February 20, 1912
From 8-year old Hilda’s diary:
A lot of ladies were here when I got home from school today. Older ladies! So I took my sewing to the parlor and sat on my little stool behind the piano. I love to hear the ladies talk when they forget that I am in the room. It is so different than when they remember. Mrs. Leon said that her husband doesn’t give her any peace at night and Mrs. Fox said she was lucky that it was only at night. Then after a while they all went into the dining room for a Kafe Klatch and then we had some homemade tarts and strudel from the bakery and lots of cookies That’s when they noticed me and made a fuss about nothing. I have always to promise Aunt Tillie or Grandmother that I won’t spoil my appetite for dinner and then I eat just what I like anyhow, as they are so busy with their friends they don’t really watch me and if I have a dress on with a pocket in it, I can slip in a few cookies and have a party with Sherry in my room after dinner.
In Hilda’s entry today, we again see how she devoloped a voice that at times seems very advanced for her age. In a house full of adults, she was often in the background soaking up every word being said. She may not have understood everything, but sensed when things being said (or unsaid) were important.
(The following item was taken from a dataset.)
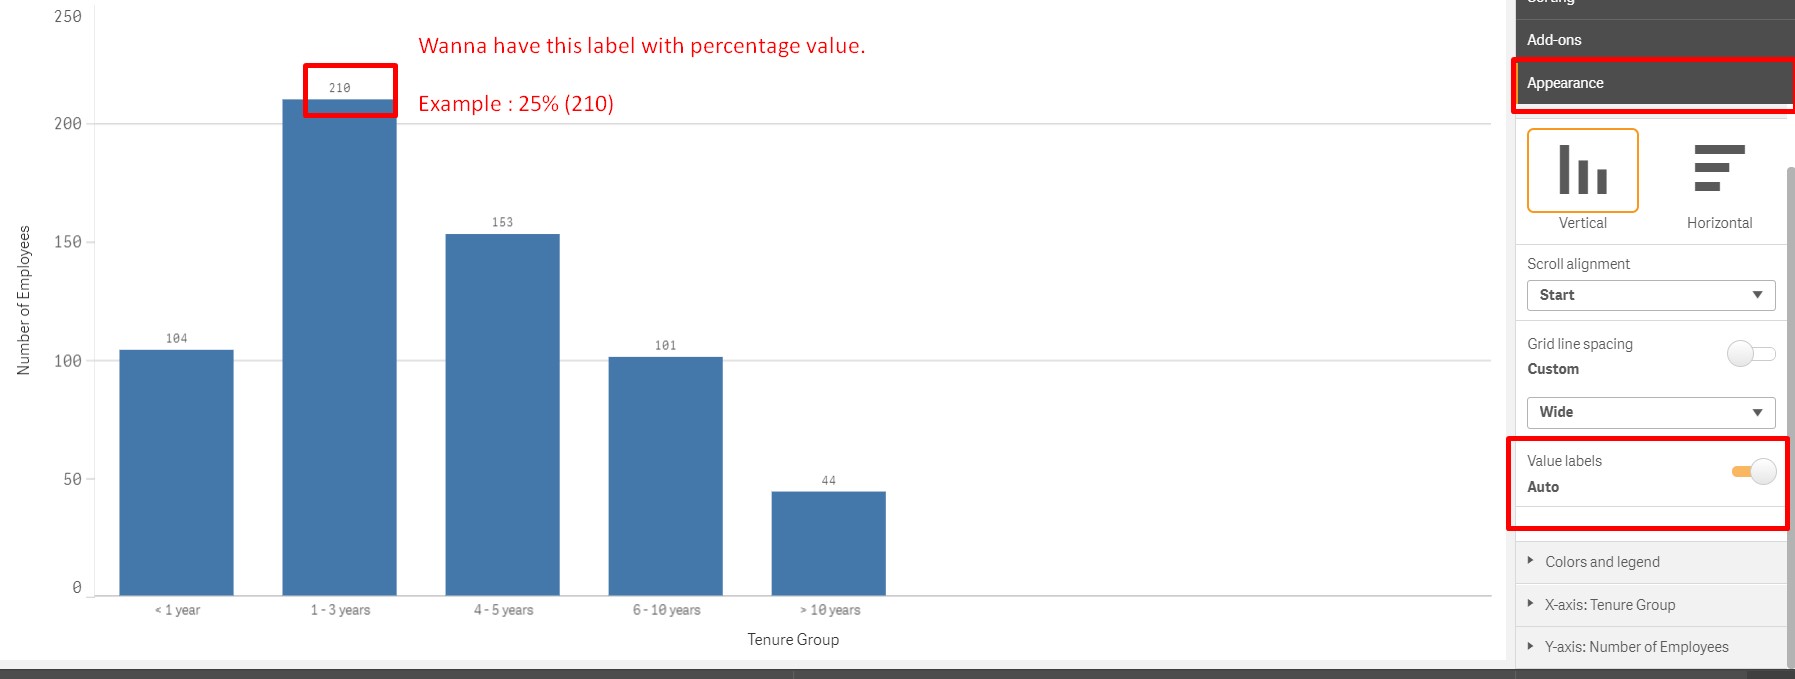 Percentage Value Label on Chart.jpg

Her comments remind me of a summer I worked at a pre-school. One very confident 3-year old stood with her hands on her hips and responded to something she didn’t like by asserting: “That’s a bunch of baloney!” Even in 1978, that was an out-dated phrase, but it flowed easily from her mouth, obviously something she heard in her house on a regular basis. I am currently reading Vivian Gornick’s “Fierce Attachments, a memoir about her complicated relationship with her mother. She says: “Sometimes I think I was born saying, ‘That’s ridiculous.’ Gornick says it in response to just about any situation. As a mature adult, she runs into an old friend who hadn’t seen her since she was 13 who asks if she still says it. She does.